The Supreme Court of Canada on Thursday ordered a new trial for a Nova Scotia man charged with impaired driving while operating his all-terrain vehicle after drinking beer about five years ago.
In doing so, the court struck down the arguments of Robert Gibson and an Alberta man who were both charged with impaired driving in their home provinces. Both said they didn’t drink enough to be drunk, despite failing breathalyzer tests
At his trial in Kentville provincial court in 2004, Mr. Gibson was found not guilty of driving while his blood alcohol level was over the legal limit. Judge Alan Tufts acquitted him, saying he had a reasonable doubt about whether the Kings County man was legally drunk at the time of his arrest.
Mr. Gibson had testified at trial he had 10 beers over seven hours when he was stopped by the RCMP in July 2003. He said he had five of them shortly before being pulled over at about 9 p.m.
In a split decision, the judicial panel ruled 7-2 to uphold breathalyzer results in Mr. Gibson’s case and that of Martin MacDonald of Alberta. Their arguments were hooked to the so-called two-beer defence, an avenue for defence terminated earlier this year by the Harper government.
The men argued that based on factors such as body weight, the amount and pattern of alcohol consumption and age, they had metabolized the alcohol and their levels straddled the legal limit of 80 milligrams, CBC News reported.
Mr. Gibson of Canning, who was 36 years old when he was stopped by police near Harbourville, had his case set aside by the Nova Scotia Court of Appeal, which ordered a new trial.
The Supreme Court confirmed the order for a new trial.
Mr. MacDonald of Calgary failed a breathalyzer test at a police checkpoint in 2003. He has said he drank six cans of beer over more than four hours. Mr. MacDonald was convicted.
At trial in Kentville, “the arresting officer testified that he saw Mr. Gibson driving his all-terrain vehicle on the highway, that he stopped him . . . on July 13, 2003, that Mr. Gibson’s breath smelled of alcohol and that his speech was slurred,” the Supreme Court’s judgment says.

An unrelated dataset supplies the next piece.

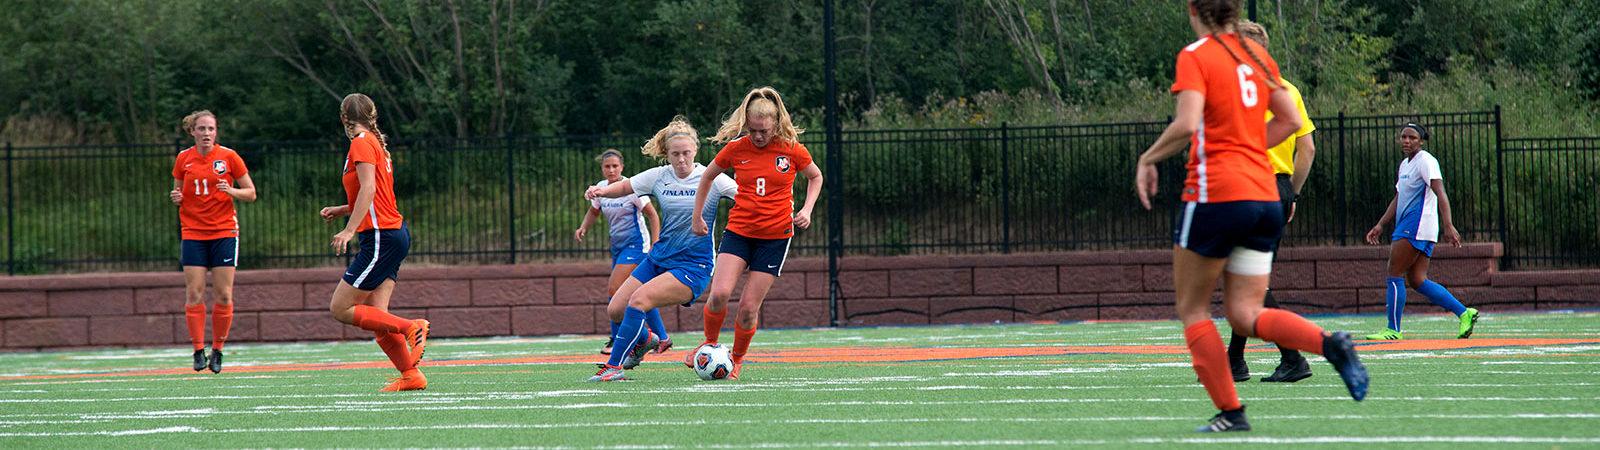 Northland College LumberJills soccer 2018-19

“The officer administered two breathalyzer tests, which showed that Mr. Gibson’s blood alcohol content was 120 milligrams at 10:12 p.m. and 100 milligrams at 10:21 p.m.”
According to The Canadian Press, an expert testified that “based on average alcohol elimination rates for someone of Mr. Gibson’s weight, his blood alcohol concentration would have fallen in a range that may or may not have been over the legal limit.” In other words, the expert said, he straddled the line.
Defence lawyer Chris Manning said in 2004 that Judge Tufts’ decision shows there are times when a driver can be legally sober while driving but found guilty when his intoxication level increases in police custody.
But Susan MacAskill, MADD Canada’s Atlantic region manager, said the Supreme Court recognized breathalyzer results are essentially infallible.
She said the attitudes of people who continue to drink and drive, despite all the information available on impairment and about risk to drivers and others, must be changed.
Ms. MacAskill of Windsor lost her 68-year-old father to a drunk driver in a crash in 1993.
She said Canadian courts “need to recognize the fact the person has said they’ve consumed an excessive level of alcohol (and) technology has said that they’re legally impaired.”
“The courts should support the fact that that behaviour needs to be appropriately addressed.”